I've been central to the OSGi specifications since 1998, mostly as the specification editor. Around 2000 I started tool development which led to the bnd tool. The primary tool to make OSGi bundles. It runs in virtually all build tools like Gradle, Eclipse, Ant, Maven, SBT, Intellij, etc. Especially the Eclipse plugin, Bndtools, is not only an excellent high-quality example of an OSGi application build by bnd, it is also one of the most joyful IDE experiences that I am aware of 😎. Trust me, it also works excellently for non-OSGi applications while leveraging OSGi metadata to not have surprises in runtime.

Not only did my work in bnd drive many innovations in the OSGi specifications, like the Declarative Services annotations or its type-safe configuration model, bnd also contains very extensive knowledge about OSGi. This makes it detect many common errors early. The OSGi reference implementations and test suits are maintained in an OSGi build. Even IBMs Open Liberty is a very large bnd workspace.

This bnd tool has grown to a sizable project with almost 90 contributors. If you use Eclipse PDE you might want to consider moving to Bndtools/Gradle or bnd/Maven; you'll be surprised how much work and errors disappear from your daily life.

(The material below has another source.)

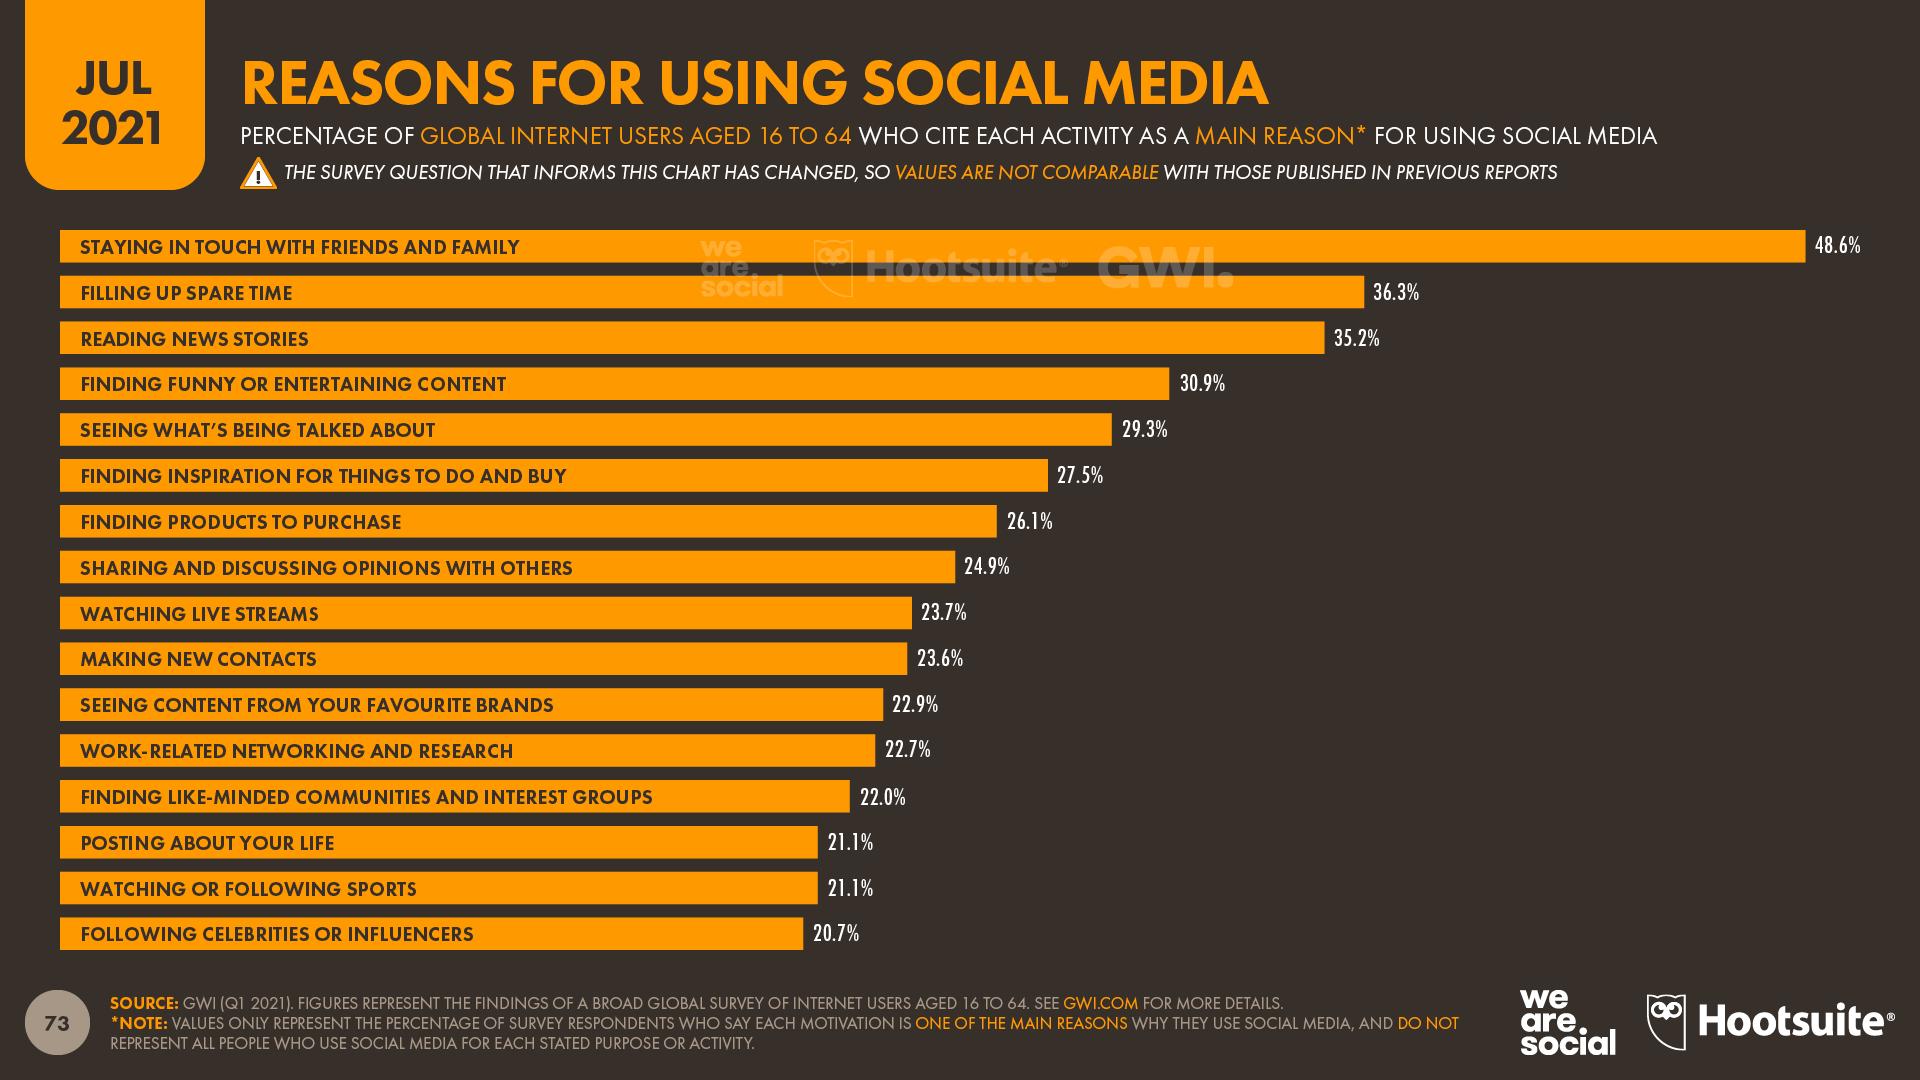 Reasons for Using Social Media July 2021 DataReportal

A secondary project I run is aQute-os where I host open-source projects that do not fit the bnd umbrella well. You can find OSGi utilities and a very efficient, innovative, OSGi based OpenAPI/Swagger library that will get Jersey users emotional.

A tertiary, very exciting activity is Alloytools. Alloy is a formal specification language with a highly interactive user interface. After reading the book [Software Abstractions] I fell in love with it but found there was no open-source home for this incredible software. With the active approval of Daniel Jackson, we created an open-source project on Github (using Bndtools) that has had several releases.

Last but not least, due to my work with OSGi, especially in embedded environments, I have gained a profound knowledge of the Java plumbing, including their attempt at modularity.

Of all these projects I am one of the owners and a key committer. A significant amount of my time is spent adding features to bnd, Bndtools, and Alloytools; answering questions on the mailing list & managing the projects. The rest of the time goes to helping customers get the maximum out of OSGi.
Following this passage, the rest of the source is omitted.